Work task: Copy out every line of the material below, character for character, apart from the pictures.

Supplied data:
• • • • •
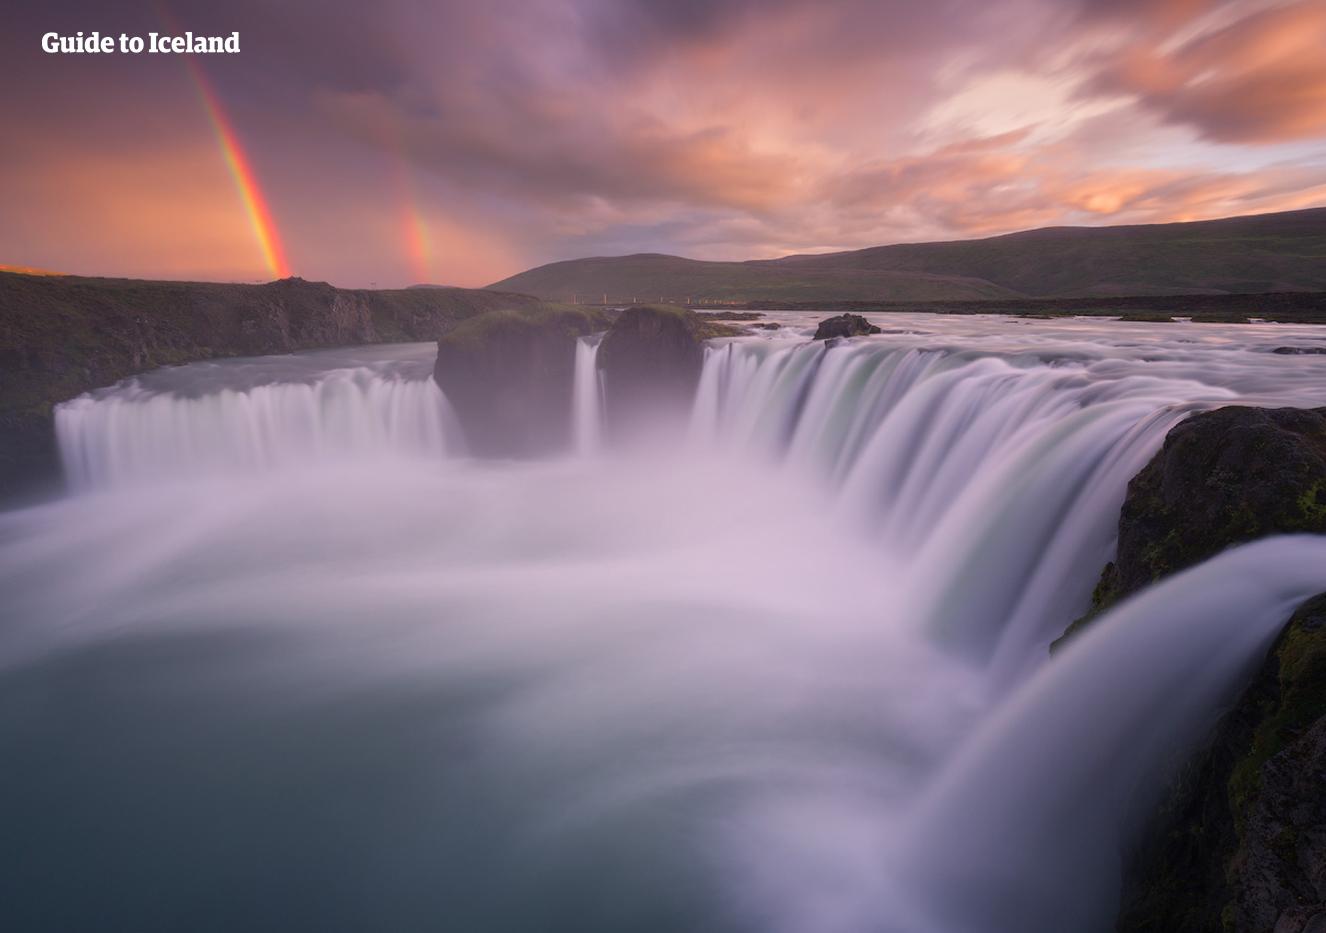 11-dniowa letnia, samodzielna wycieczka po całej obwodnicy Islandii z wodospadami i gorącymi źródłami - day 4
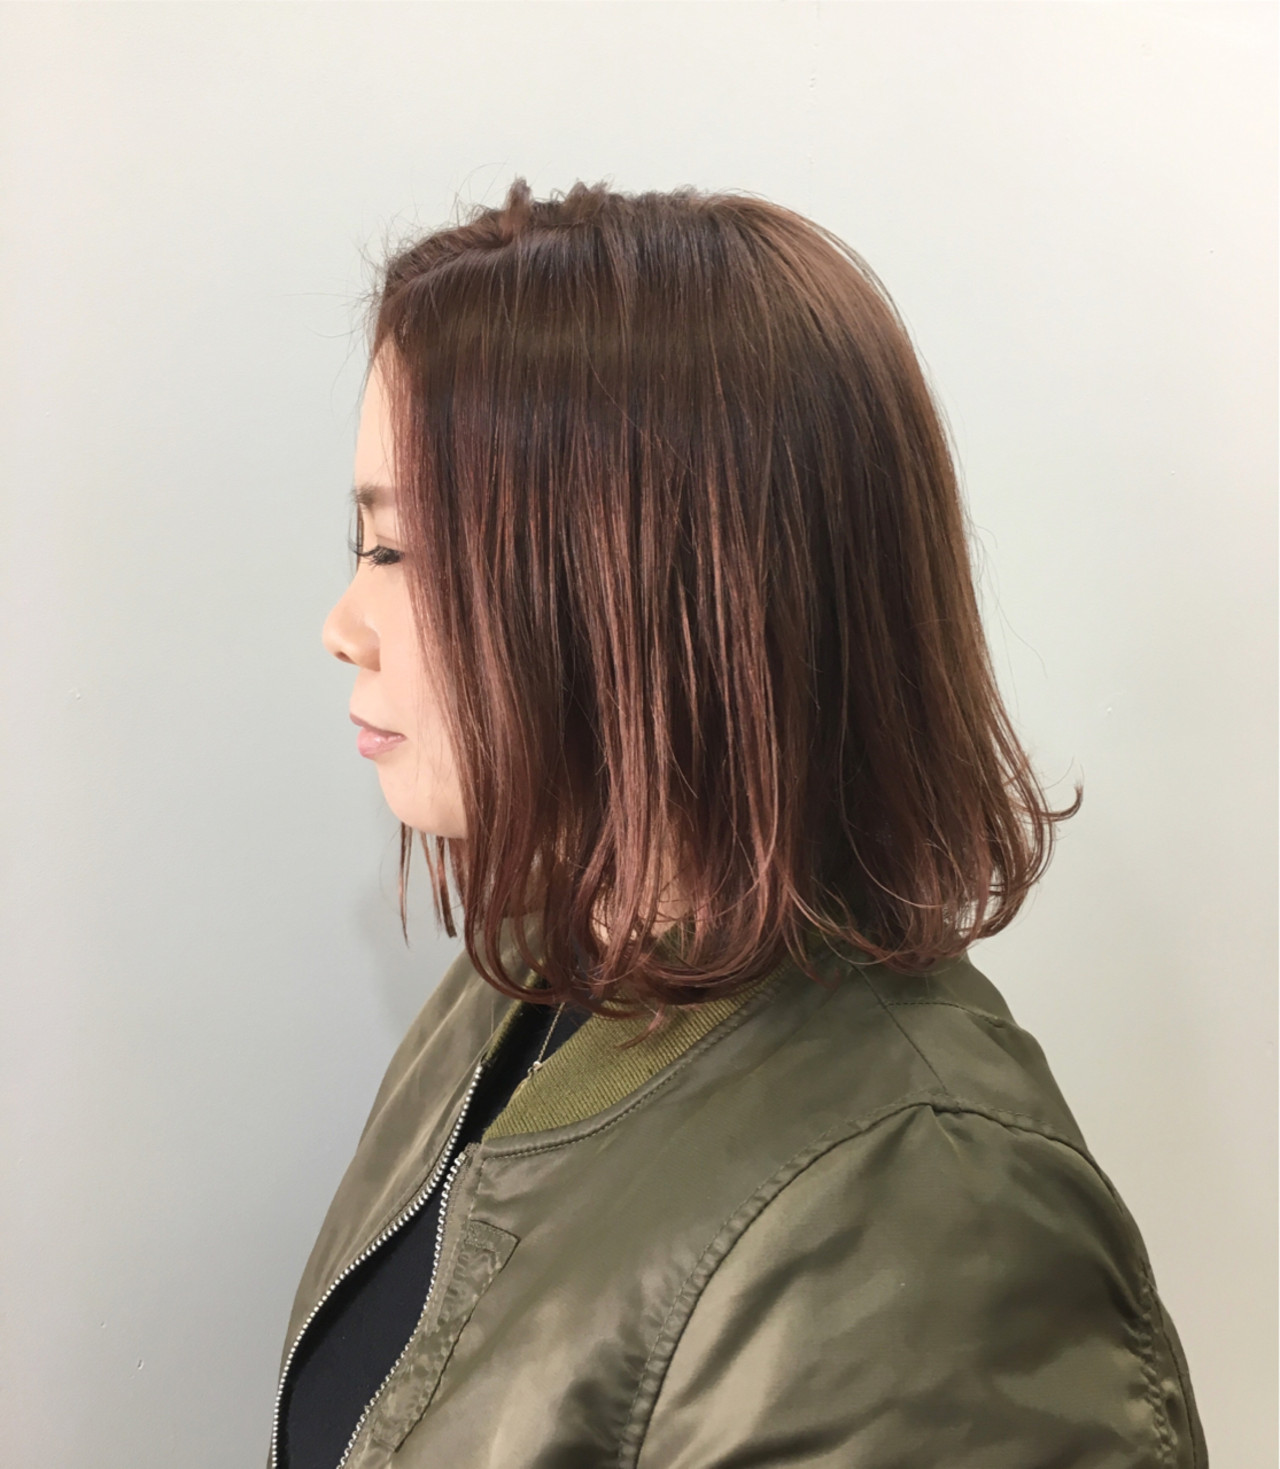 モード ハイライト ボブヘアスタイルや髪型の写真・画像
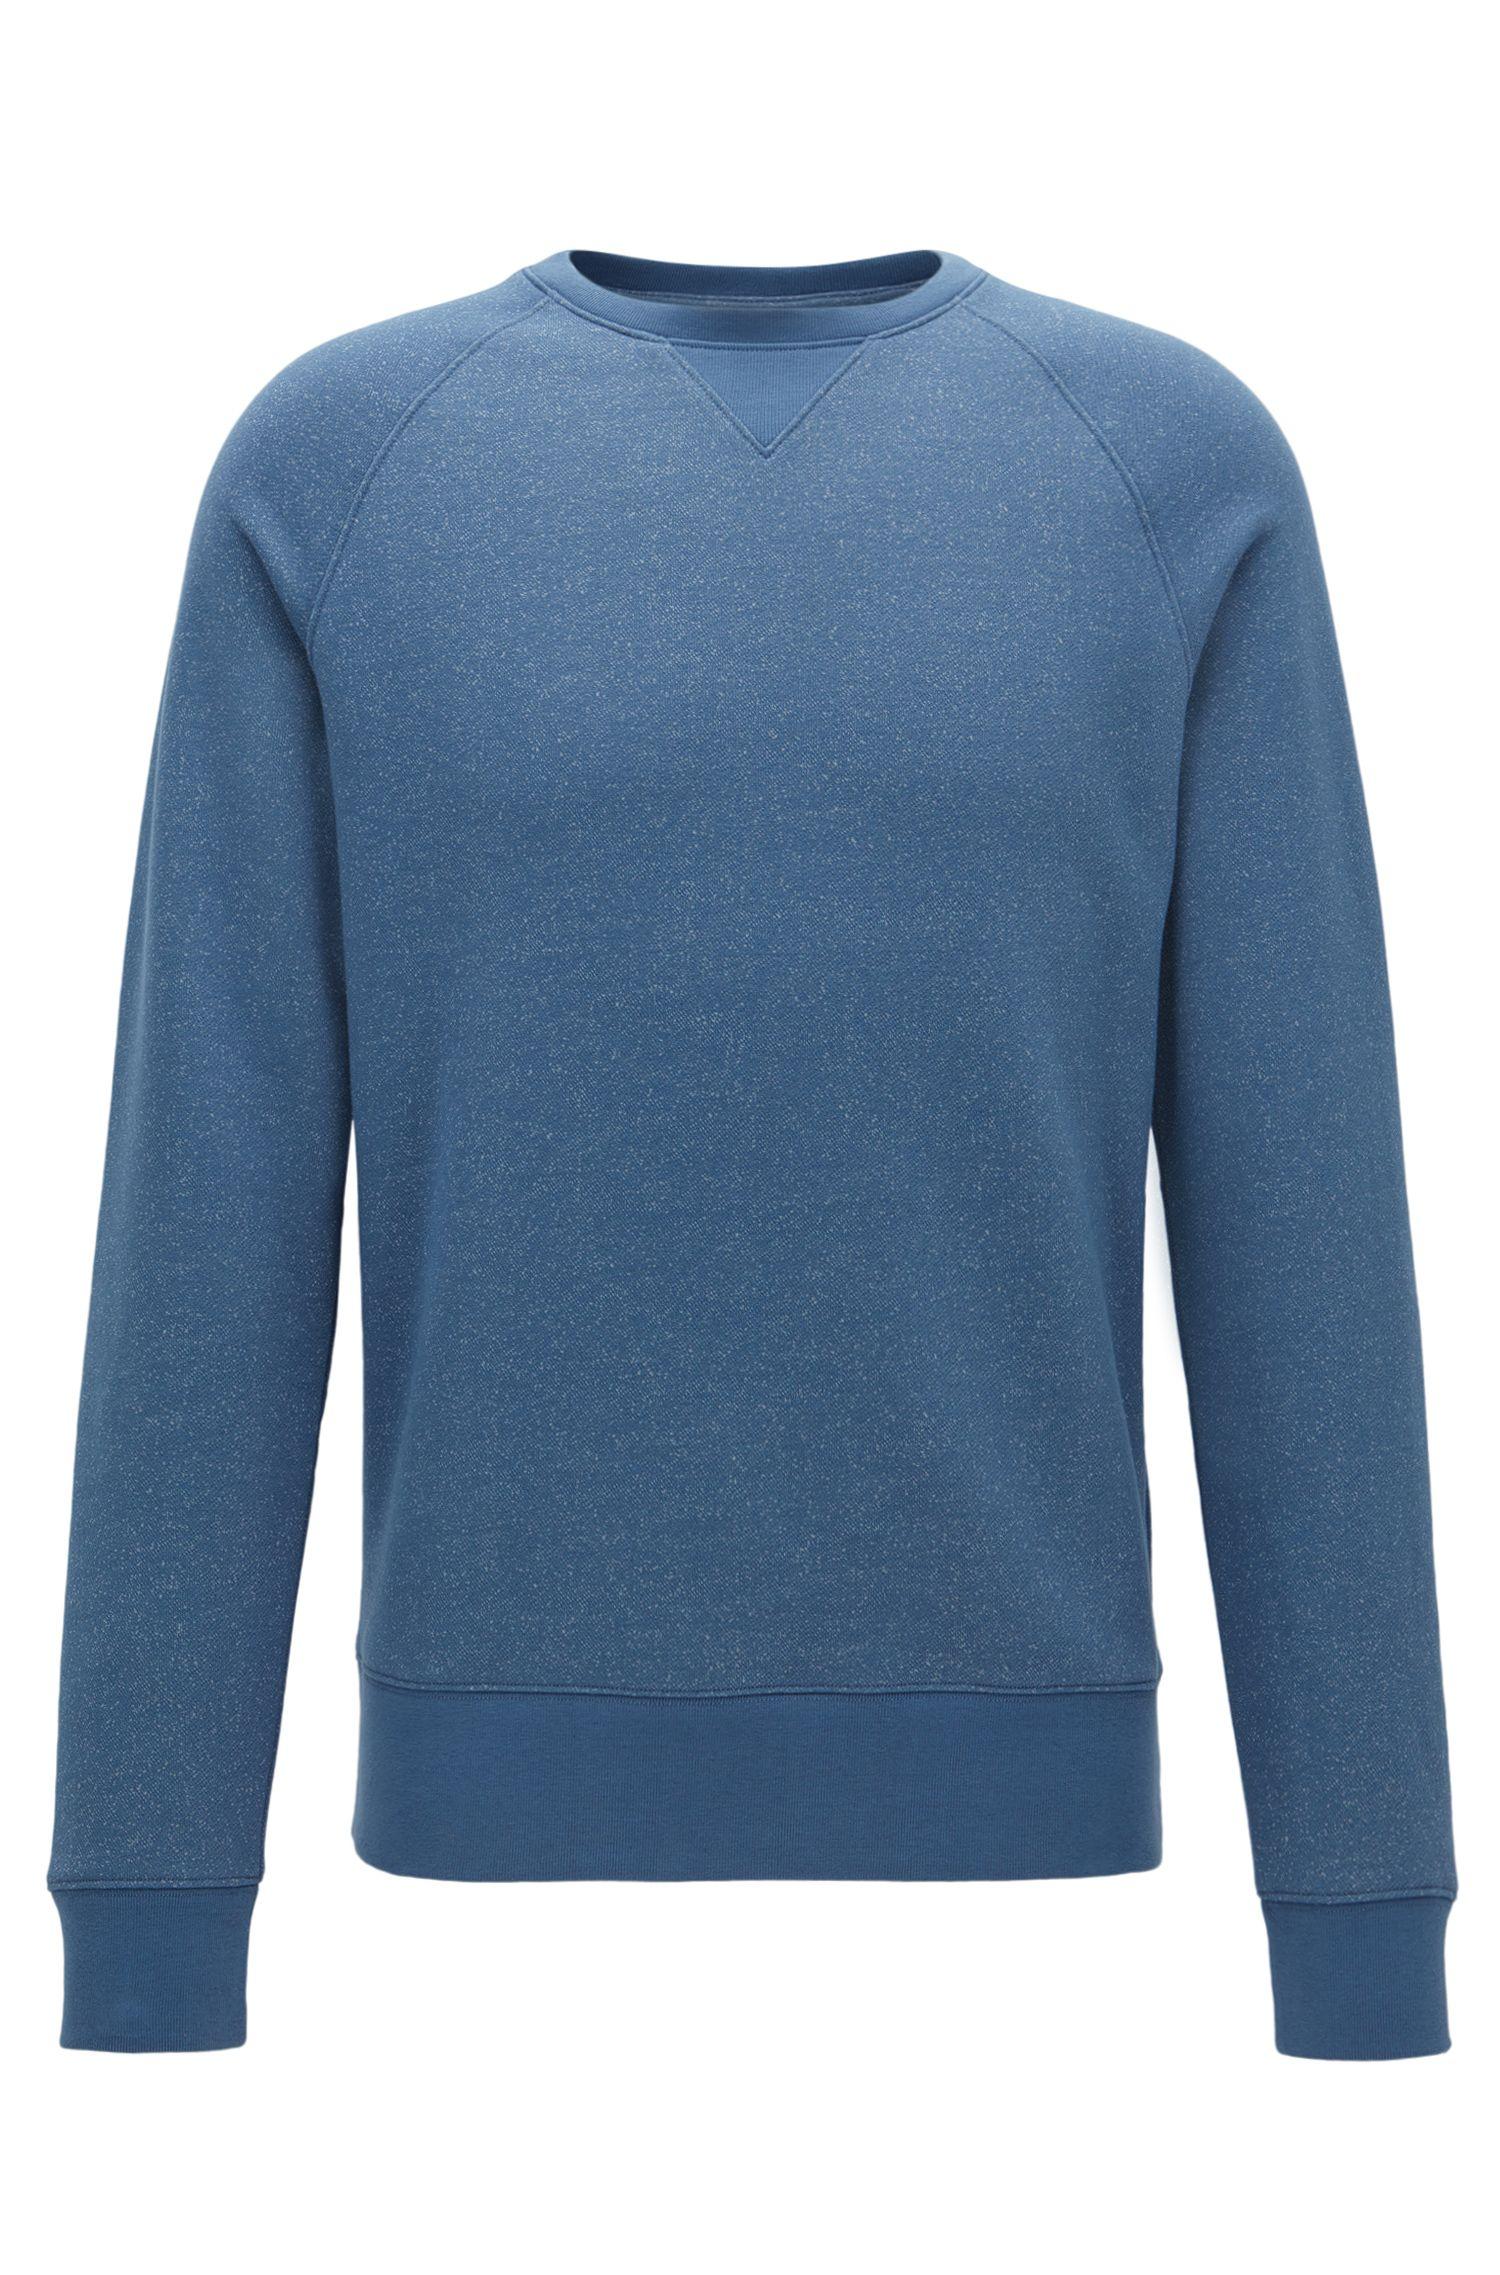 Sweat en coton doux mouliné et mélangé , Bleu
• • • • •
Finished task:
 11-dniowa letnia, samodzielna wycieczka po całej obwodnicy Islandii z wodospadami i gorącymi źródłami - day 4
 モード ハイライト ボブヘアスタイルや髪型の写真・画像
 Sweat en coton doux mouliné et mélangé , Bleu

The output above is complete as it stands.